Zimmerman Law Offices files Class Action lawsuit against the Cook County Sheriff for Allegedly Secretly Viewing and Videotaping People using the Toilet
PRESS CONFERENCE on AUGUST 8, 2018 at 2:00 p.m.
Zimmerman Law Offices, 77 W. Washington St., Suite 1220, Chicago, IL 60602
CHICAGO–(BUSINESS WIRE)
Attorney Thomas Zimmerman of the Chicago-based Zimmerman Law Offices today filed a class action lawsuit against Cook County Sheriff Tom Dart, and the County of Cook, Illinois. The suit alleges the Cook County Sheriff’s Office has a policy of mandating that its Sheriff’s deputies secretly monitor in real time and video record all pretrial detainees while they use the toilets in holding cells. The video recordings can be viewed by Sheriff’s deputies for 30 days.
The case, Elizabeth Alicea, et al. v. County of Cook, et al., was filed in the federal U.S. District Court for the Northern District of Illinois.
Pretrial detainees are temporarily held in Cook County holding cells while they wait to see a judge to post bail after an arrest. Every holding cell has a toilet, and there are solid partitions or dividing walls that separate the toilet area from the rest of the holding cell so that the person cannot be seen by anyone else in the cell.
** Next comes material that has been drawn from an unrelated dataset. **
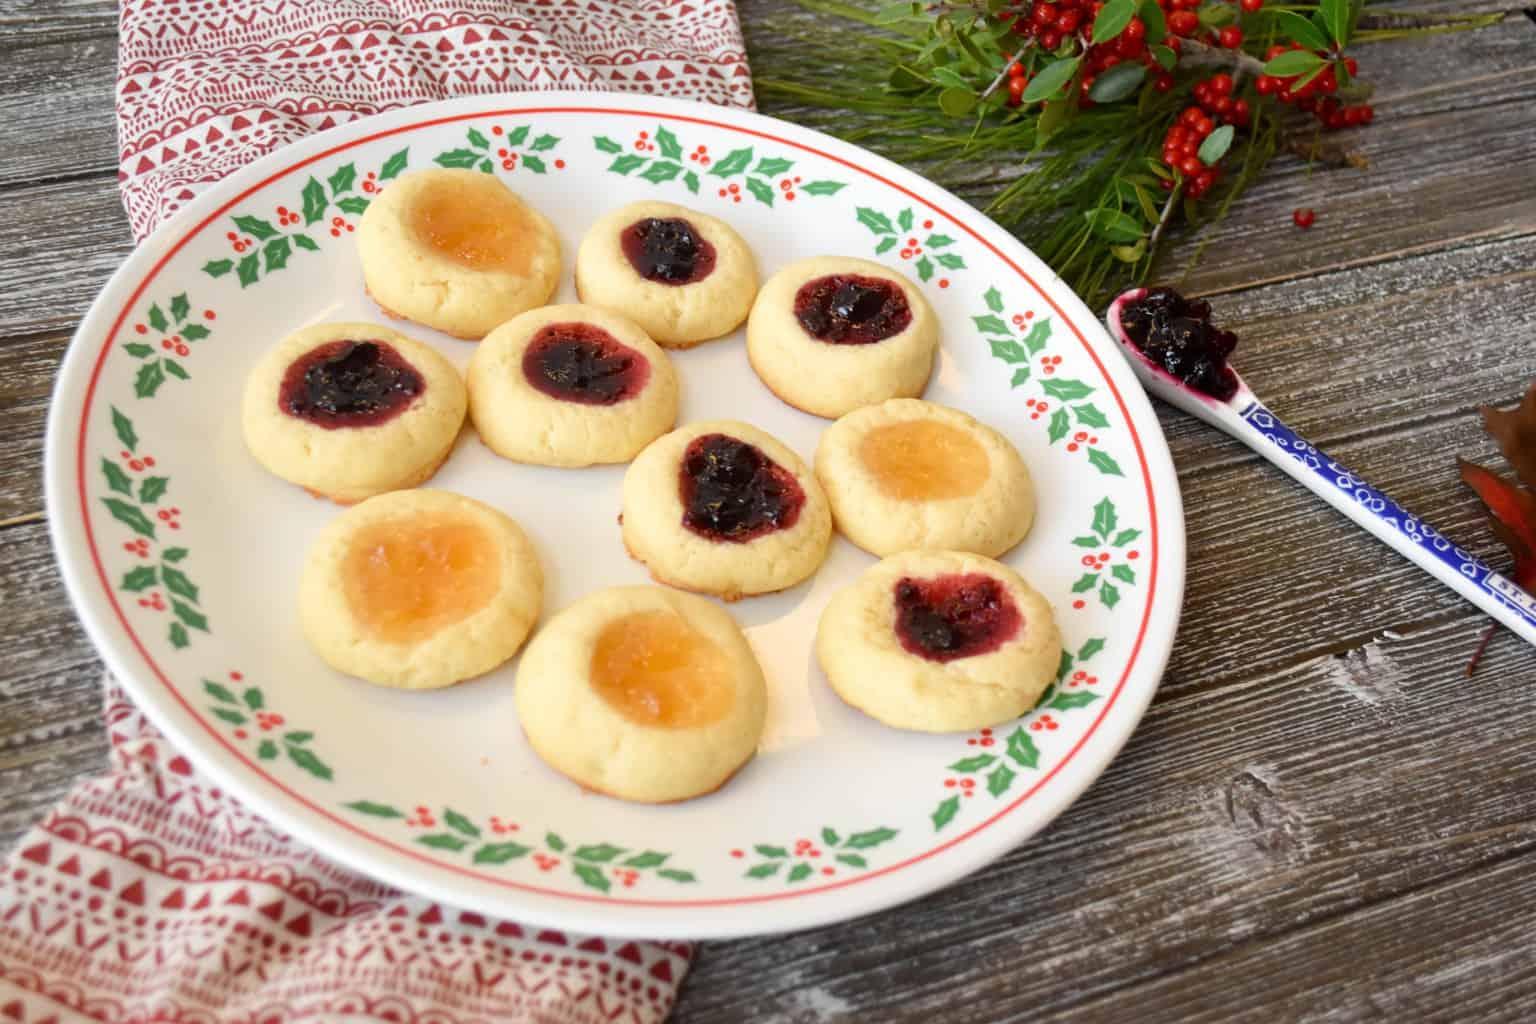 "<img src=""https://cdn.shortpixel.ai/client/q_glossy,ret_img,w_4096,h_2730/Jam Thumbprint cookies.jpg"" alt=""JamThumb print cookies with jam"">"

However, according to the suit, hidden cameras installed in the holding cells have an unobstructed view of the toilet and a person’s genitals when he/she is using the toilet. The video feeds from the holding cell cameras are continually monitored by Cook County Sheriff’s deputies from a monitoring room that is staffed by both male and female Sheriff’s deputies who monitor all pretrial detainees—regardless of whether they are male or female—in the holding cells. The complaint alleges that all pretrial detainees are searched prior to being placed in a holding cell, and there are no oral or written notifications that the people are being monitored while they are using the toilet.
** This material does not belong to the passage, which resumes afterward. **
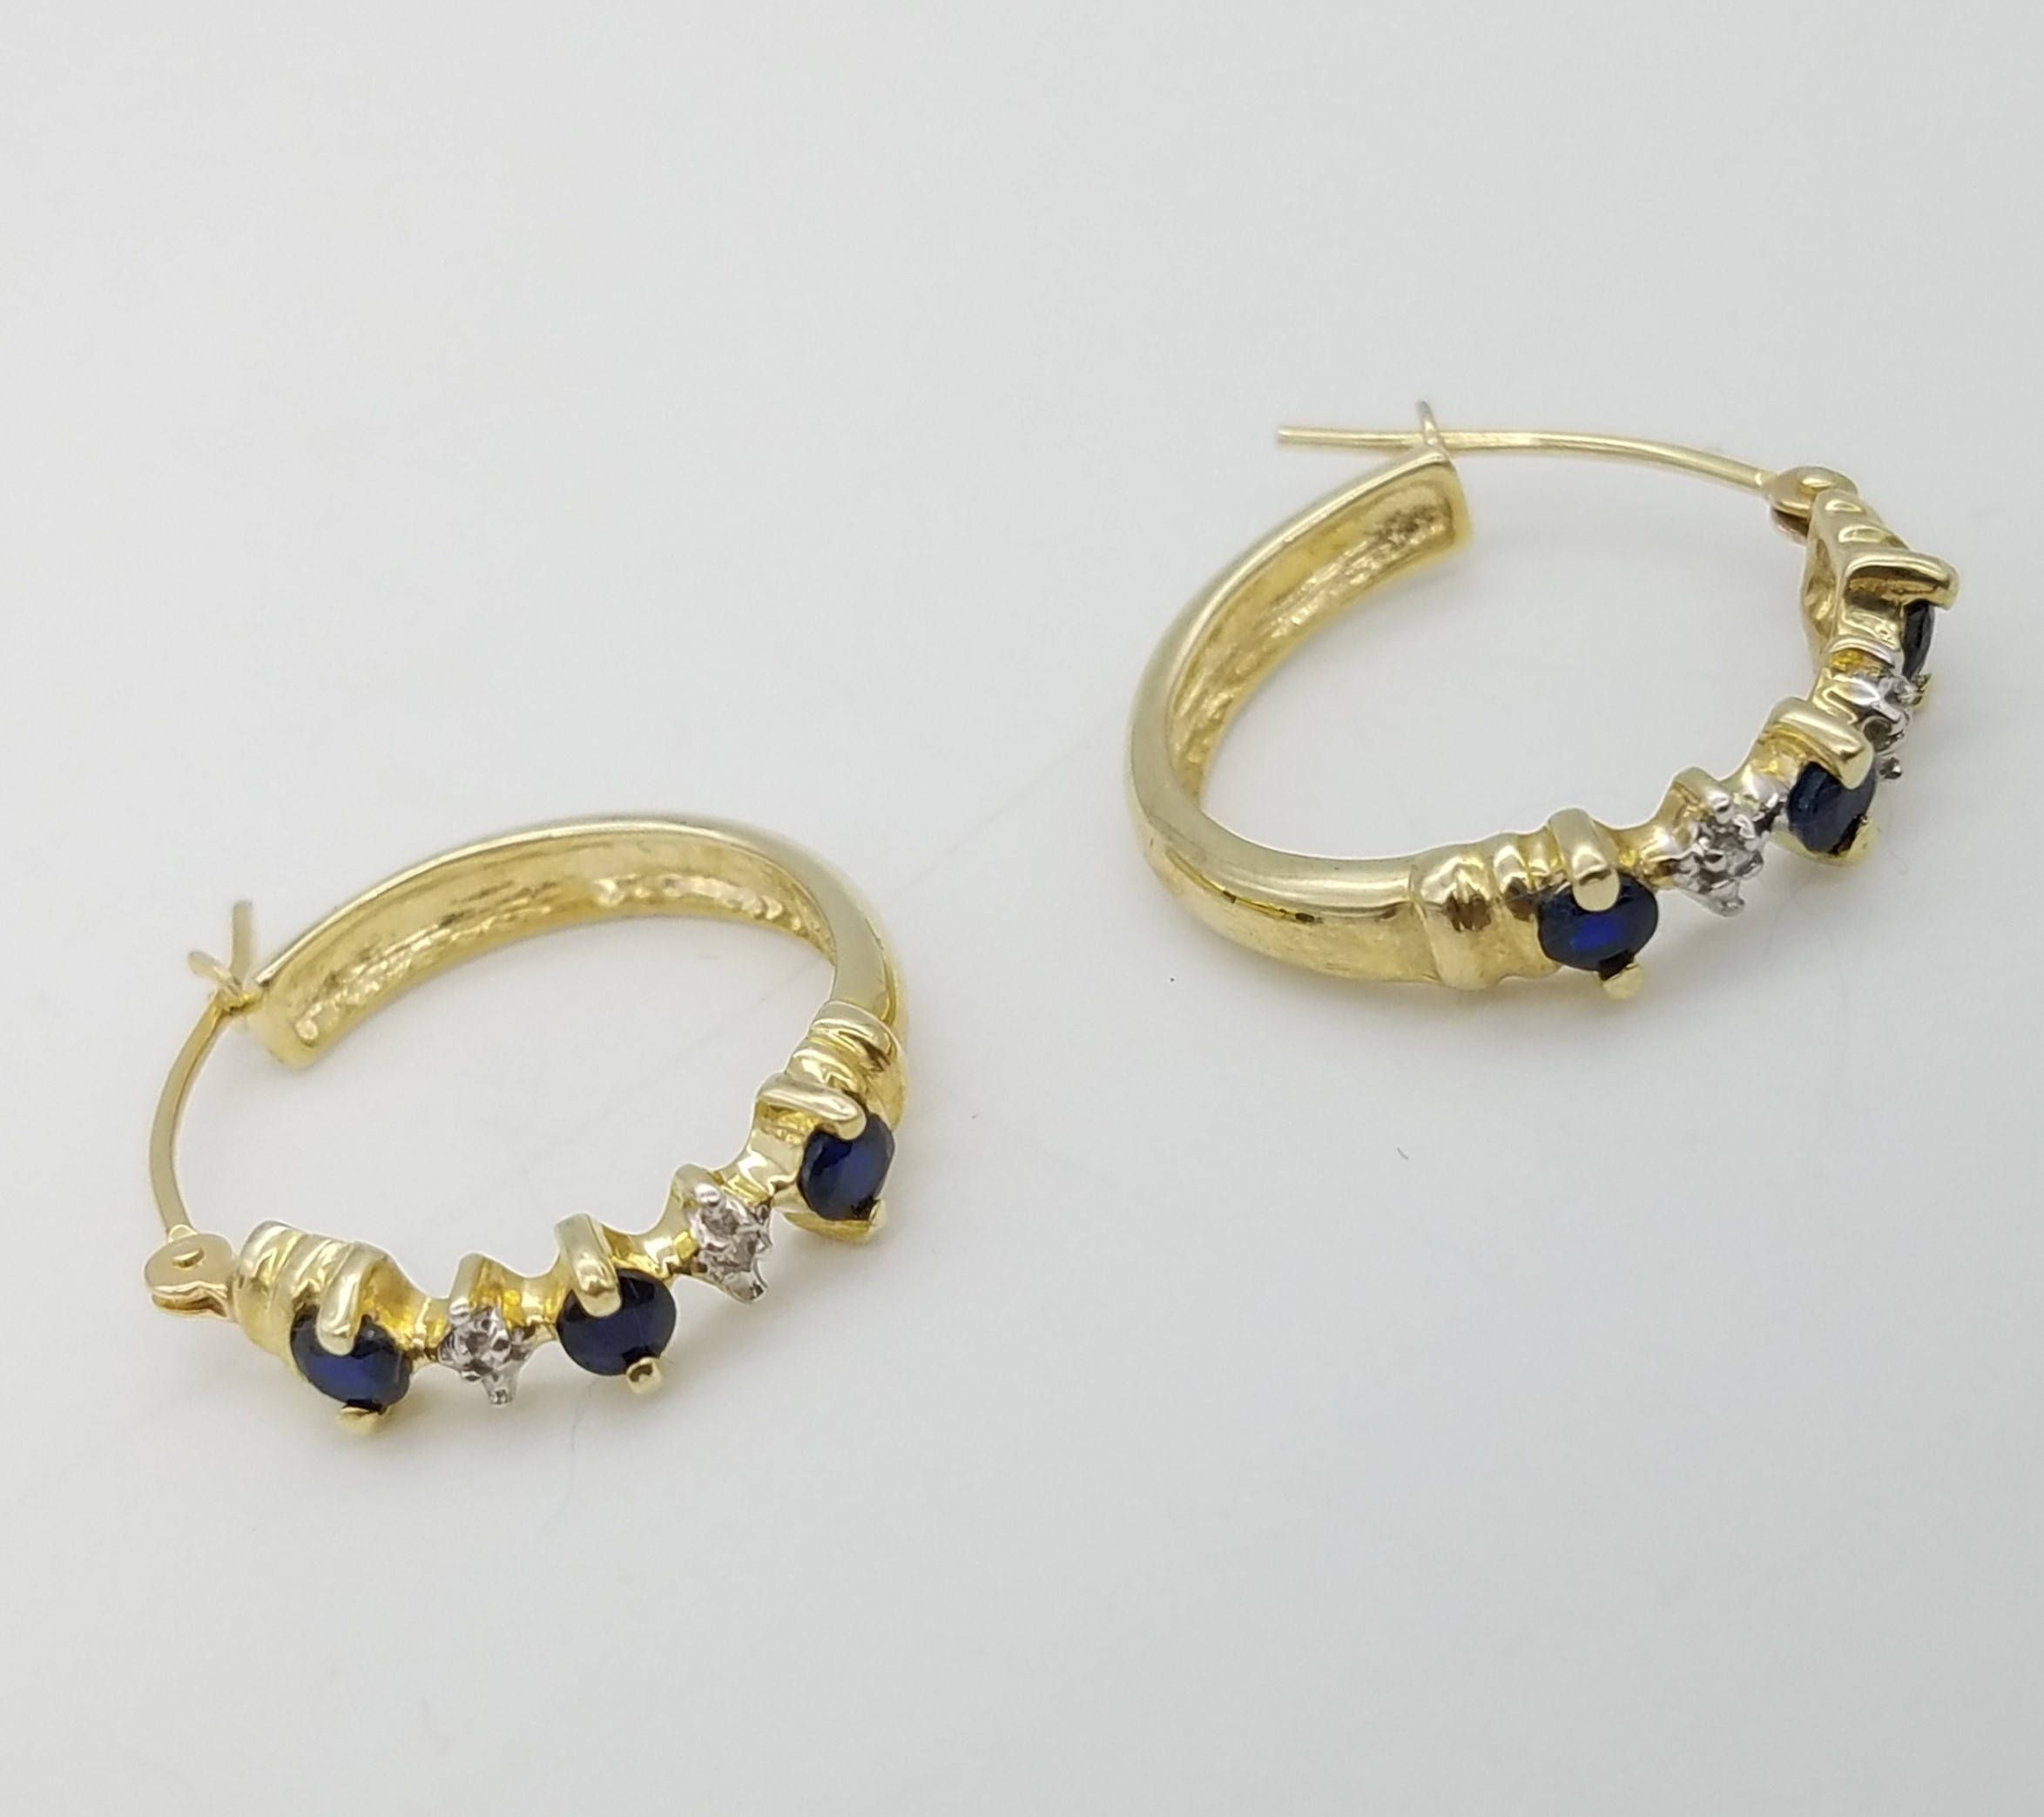 Vintage Shire Diamond Solid 14k Gold Hinged Hoop Estate Earrings By Thingsgrandmakept1 On Etsy

According to the complaint, the Sheriff’s conduct of monitoring pretrial detainees when using the toilet constitutes an unconstitutional search in violation of the Fourth and Fourteenth Amendments, and also constitutes an invasion of privacy. The lawsuit seeks to halt this secret monitoring and compensate the pretrial detainees for their humiliation and embarrassment.
According to Thomas A. Zimmerman, Jr., counsel for the plaintiffs, “Even when they are in the Sheriff’s custody, people retain an expectation of privacy in their naked bodies, genitals, and bodily functions, and they have a right to prevent their naked bodies from being viewed by members of the opposite sex.”